By LabMedica International staff writers
Posted on 23 Jun 2025

Rapid progression in Alzheimer’s disease (AD) is difficult to predict, especially during the mild cognitive impairment (MCI) stage, when patient outcomes vary widely. More...

While insulin resistance is known to contribute to the development of AD, its impact on how quickly cognitive decline progresses has been underexplored. Now, a new study presented at the European Academy of Neurology (EAN) Congress 2025 shows that insulin resistance, measured by a routine triglyceride-glucose (TyG) index, can identify early-stage Alzheimer’s patients who are four times more likely to experience rapid cognitive deterioration.

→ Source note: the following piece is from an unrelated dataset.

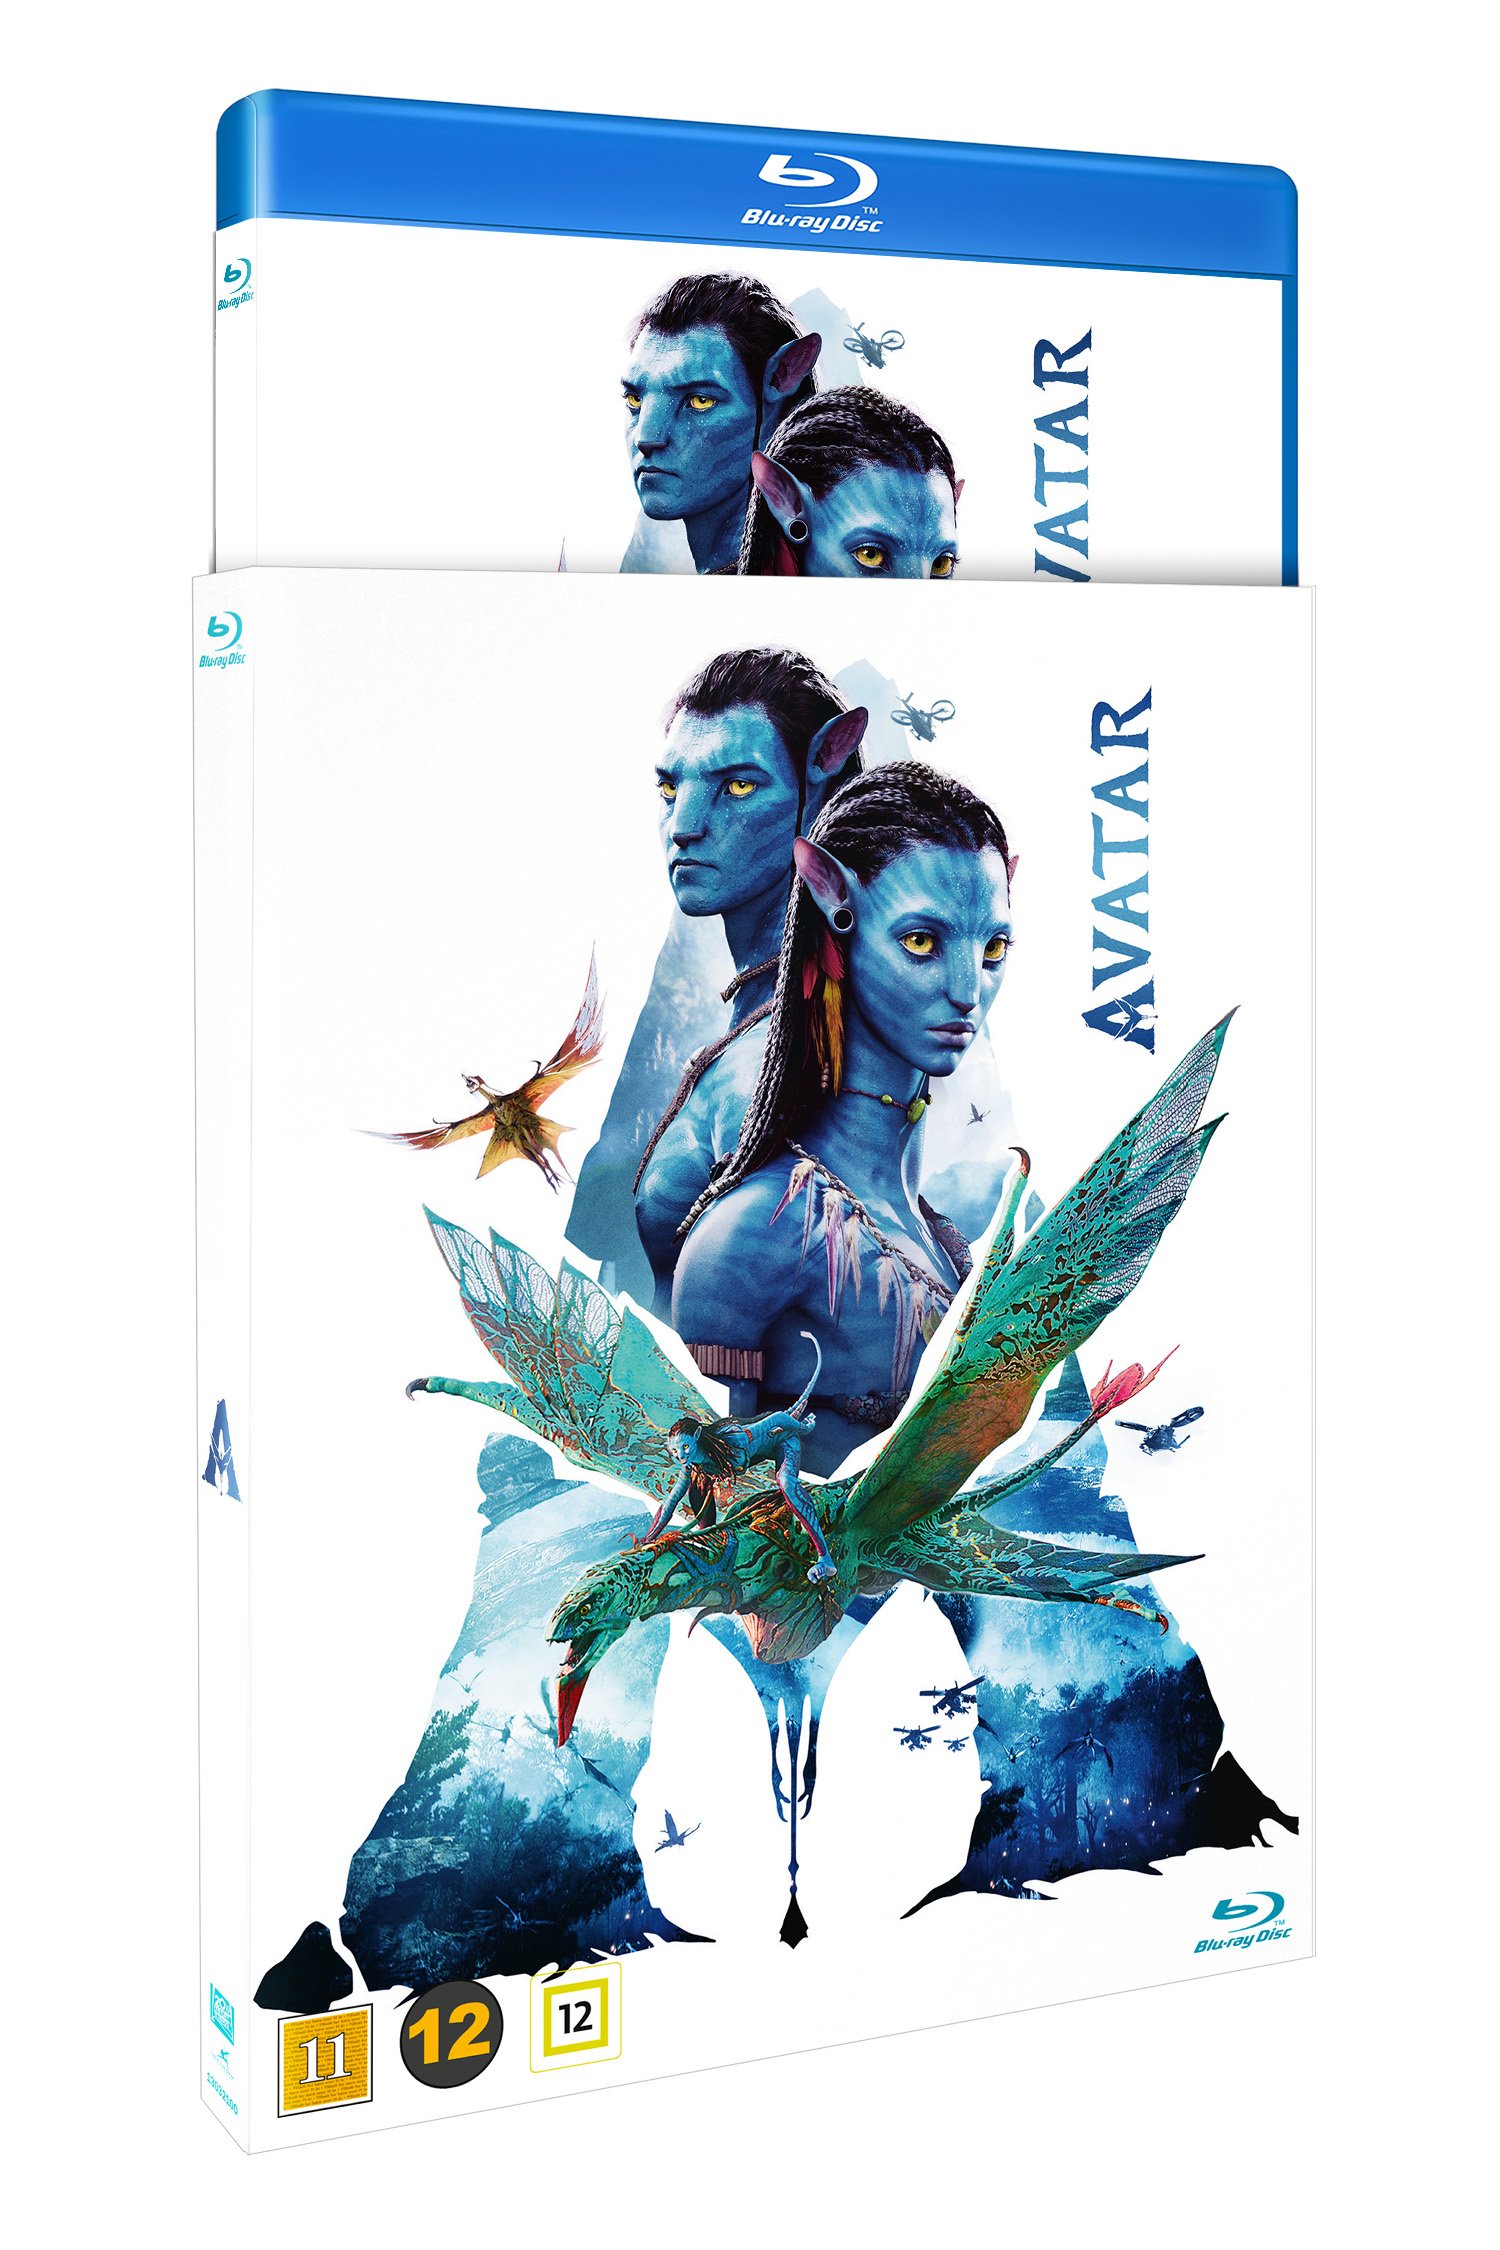 Buy Avatar 4K BluRay Standard Free shipping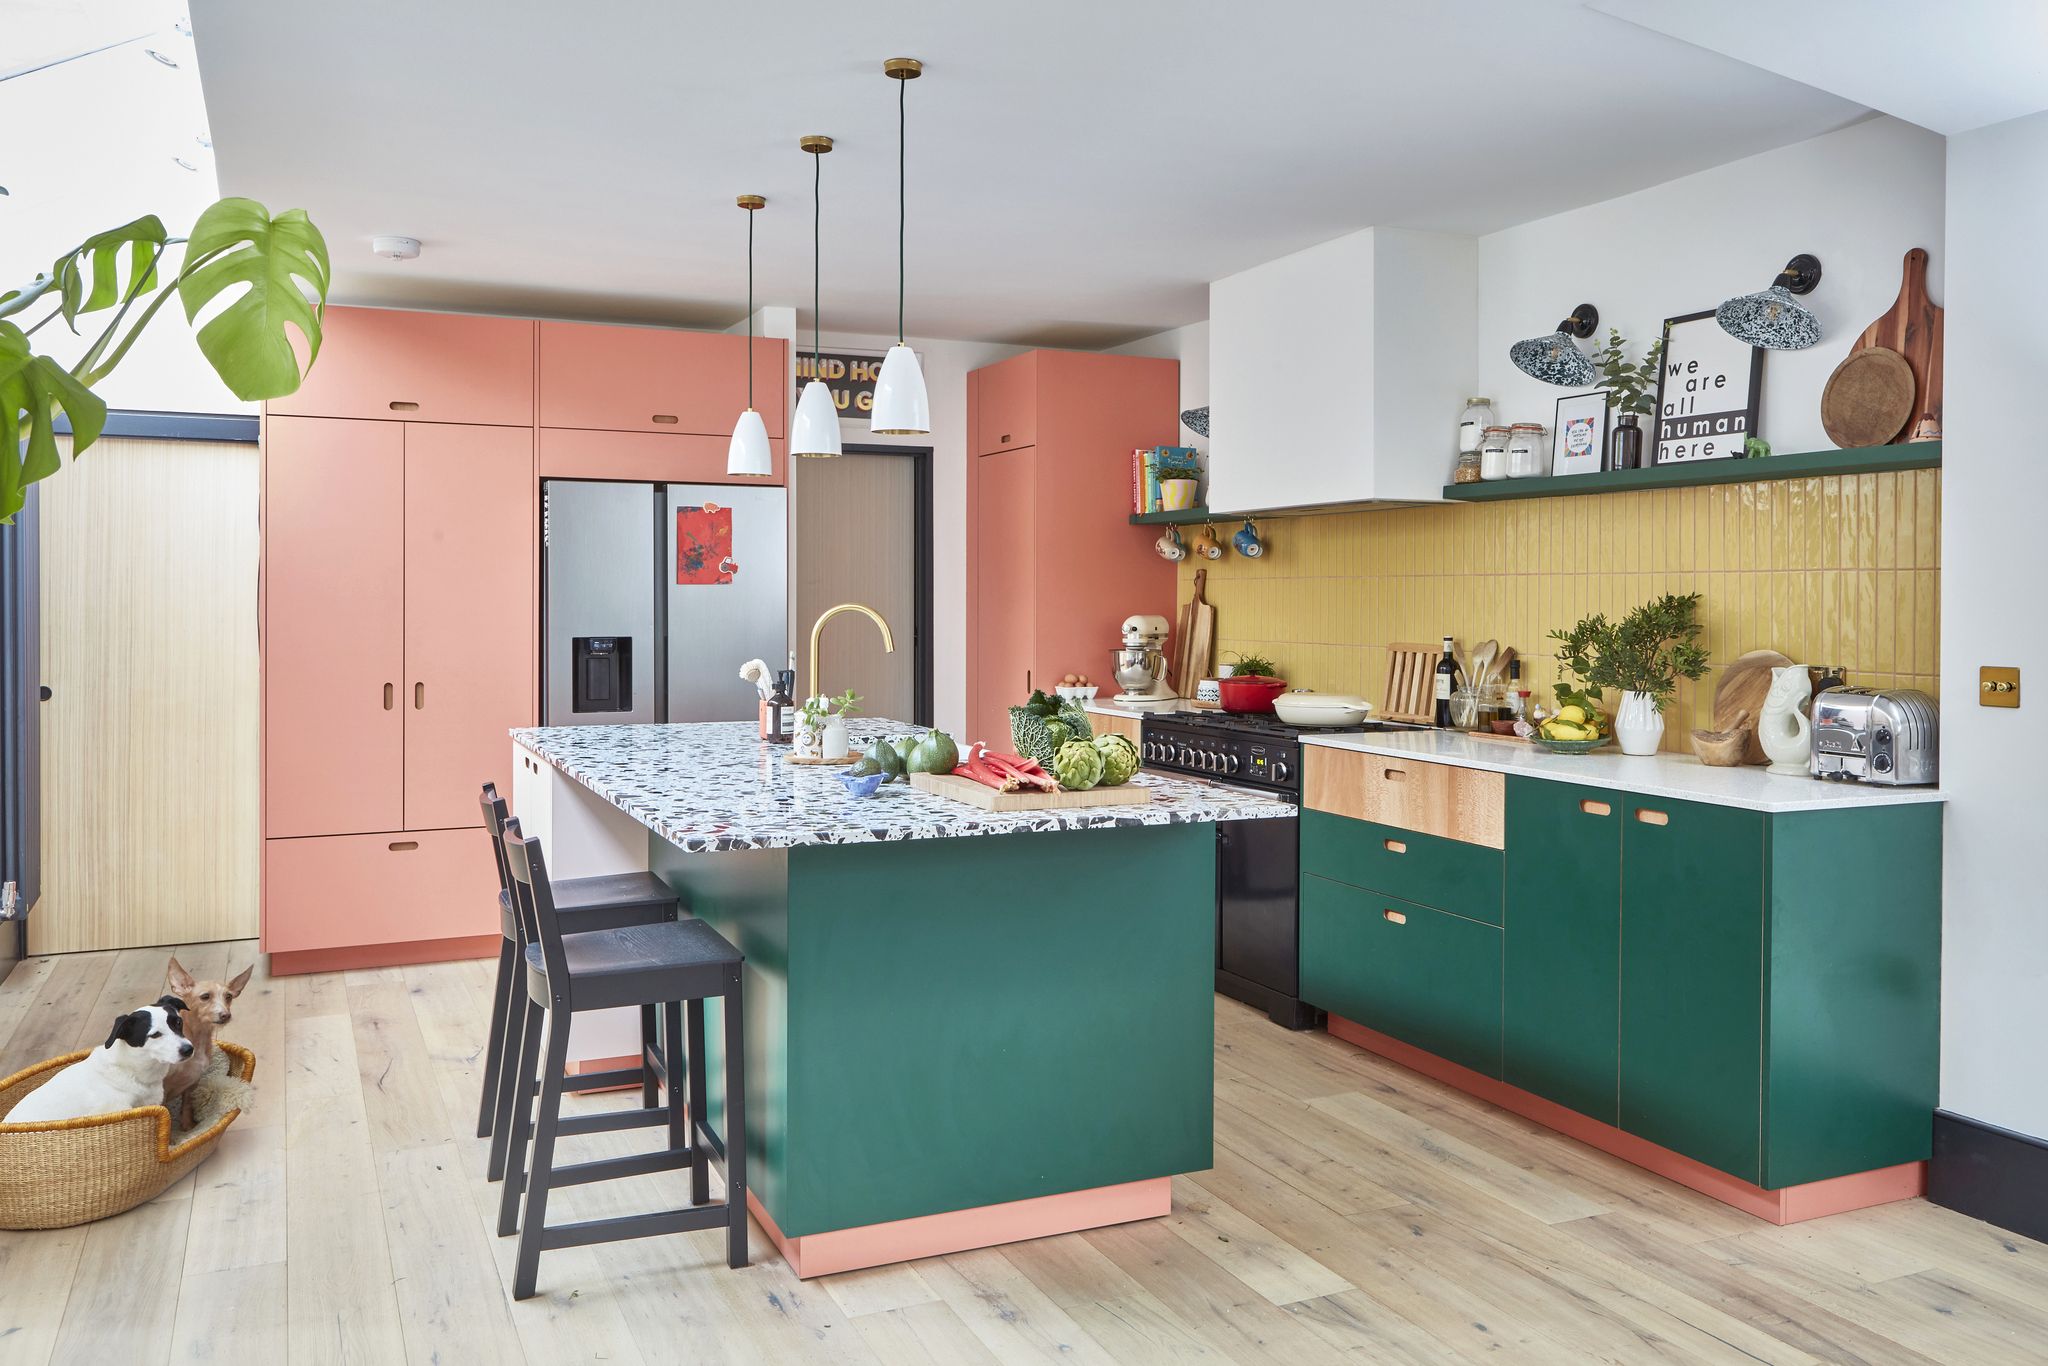 Buy Luca Gloss White Kitchen Doors at Trade Prices - DIY Kitchens

This study by neurologists at the University of Brescia (Brescia, Italy) focused on understanding whether insulin resistance could serve as a predictive marker for disease progression in people with early AD. Their focus was on the prodromal MCI stage, where clinical trajectories can differ significantly. The researchers used the TyG index—a low-cost and widely available surrogate for insulin resistance—to assess metabolic dysfunction in 315 non-diabetic patients with cognitive deficits. Among these, 200 had biologically confirmed AD. Each participant underwent TyG assessment and a three-year clinical follow-up to monitor cognitive outcomes.

The study's findings revealed that in the MCI-AD subgroup, patients in the highest third of TyG index values showed markedly faster cognitive decline, losing more than 2.5 points per year on the Mini Mental State Examination. This group had a hazard ratio of 4.08 (95% CI 1.06–15.73) for rapid decline compared to those with lower TyG scores. No similar association was found in patients with non-AD neurodegenerative conditions, indicating a disease-specific sensitivity to metabolic dysfunction in Alzheimer’s.

Further analysis showed that high TyG levels were also associated with blood–brain barrier disruption and cardiovascular risk factors. However, there was no interaction with the APOE ε4 genotype, suggesting that genetic and metabolic risk factors may influence AD progression through separate pathways. In practical terms, the TyG index could help clinicians identify high-risk patients early in the disease course, offering an opportunity to tailor interventions that improve insulin sensitivity. It also holds promise for refining patient selection in anti-amyloid or anti-tau clinical trials. The team is now exploring how TyG correlates with neuroimaging biomarkers to aid in early detection and patient stratification.

“Once mild cognitive impairment is diagnosed, families always ask how fast it will progress”, said lead investigator Dr. Bianca Gumina. “Our data show that a simple metabolic marker available in every hospital laboratory can help identify more vulnerable subjects who may be suitable candidates for targeted therapy or specific intervention strategies.”